|by Eden Bailie|
there were only elements and planetary breaths, water cooling magma, birth, creation-eating-creation, fungi feeding from a purer death
no cathedrals for praise, only treetops, trees for everyone
with swaying leaf steeples reaching up and out to touch a creator’s fingertip
and early-age worshippers led home in quiet night forests by shaman oaks.
then theft, progression
european shovels cutting
invisible lines drawn to separate unknowing dirt
learning how to disassemble fibers of wood and rearrange them into the shape of home and capitol buildings; the process repeated until Forest became foreign
and the darkness between trees no longer guided by shamans but polluted by folktale witches
then the patches of dirt United.
and the soil became all-American, red
checker picnic blanketed, striped and starred, cherry flavored,
chewed and fracked by metal teeth;
our nature reduced to national park pamphlets sitting in glove compartments with ketchup packets
— and now, we’re left to pick up the pieces, with a segmented history of our relationship with earth
mantras of fear hovering above us in hot clouds
while we contribute to a sour system because that’s all we know.
and guilty shaking questions of
what to do
how to do it
float up and dissipate like steam
as we watch our children run through fields that won’t be there for their children
so we hand our hope to them like a smoldering torch.

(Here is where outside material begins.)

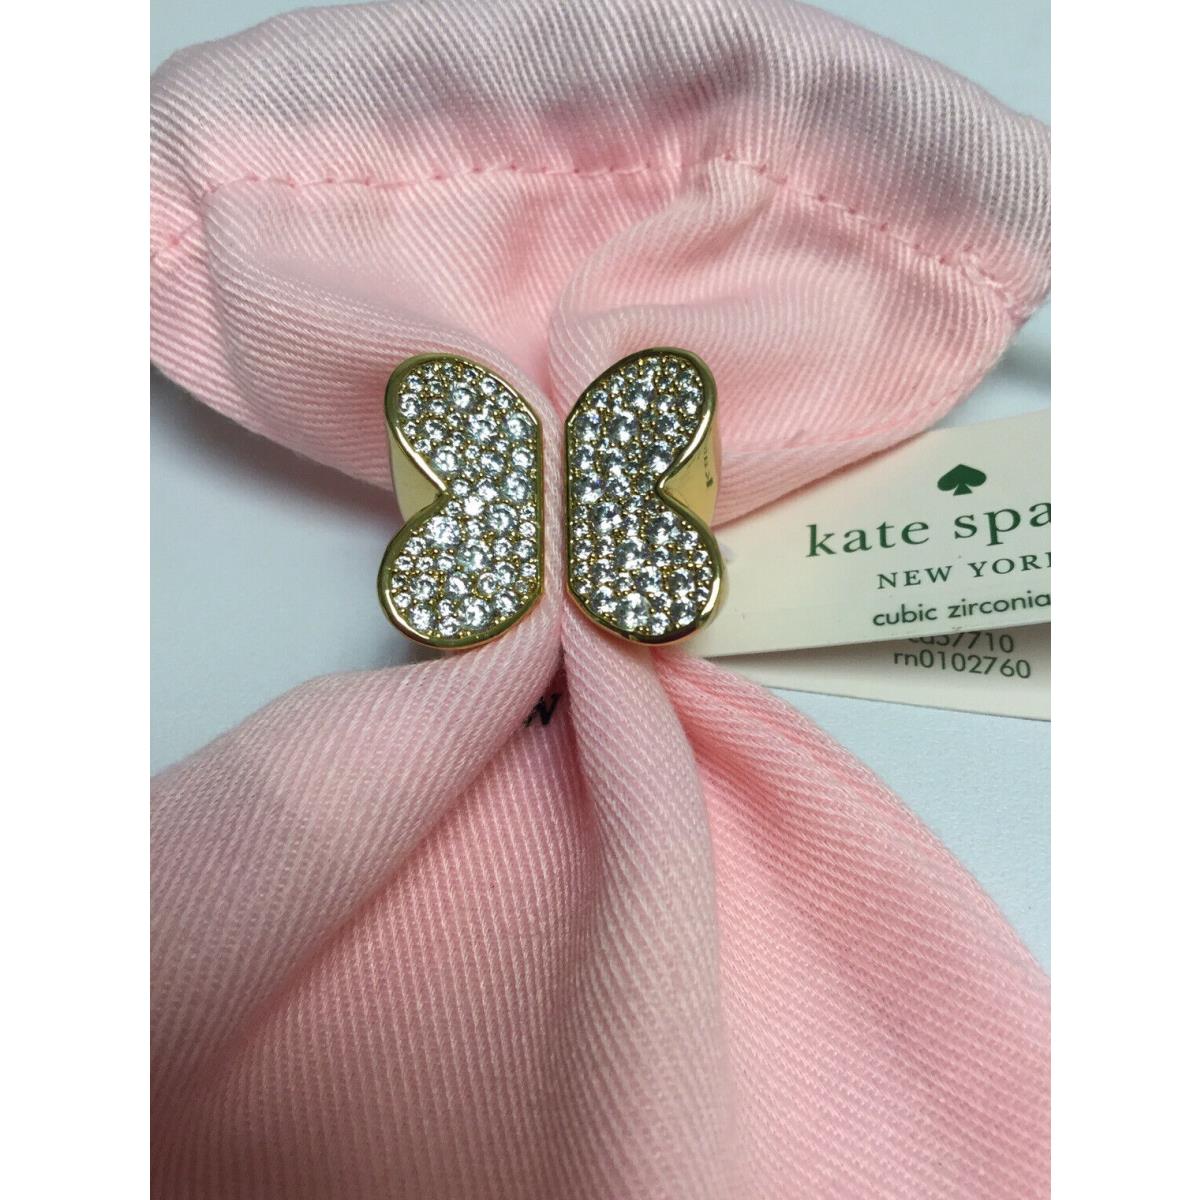 Kate Spade New York in a Flutter Pave Butterfly Ring Size 6 w/ KS Dust Bag

we decide to give them what remains; give them seeds to plant what will be
let them be born in their own homes
into the feeling of knitted wool and wooden floors
let them paint with beets, chew on roots
teach them to pray over bee homes
give them backyards with a swell of decomposing scraps to feed the ground;
this year’s tomatoes feeding the next, this year’s children teaching the next
until the wounds heal.
Eden Bailie is a published poet and student based in Bethlehem, where she reads and writes to pass the time until the world ends.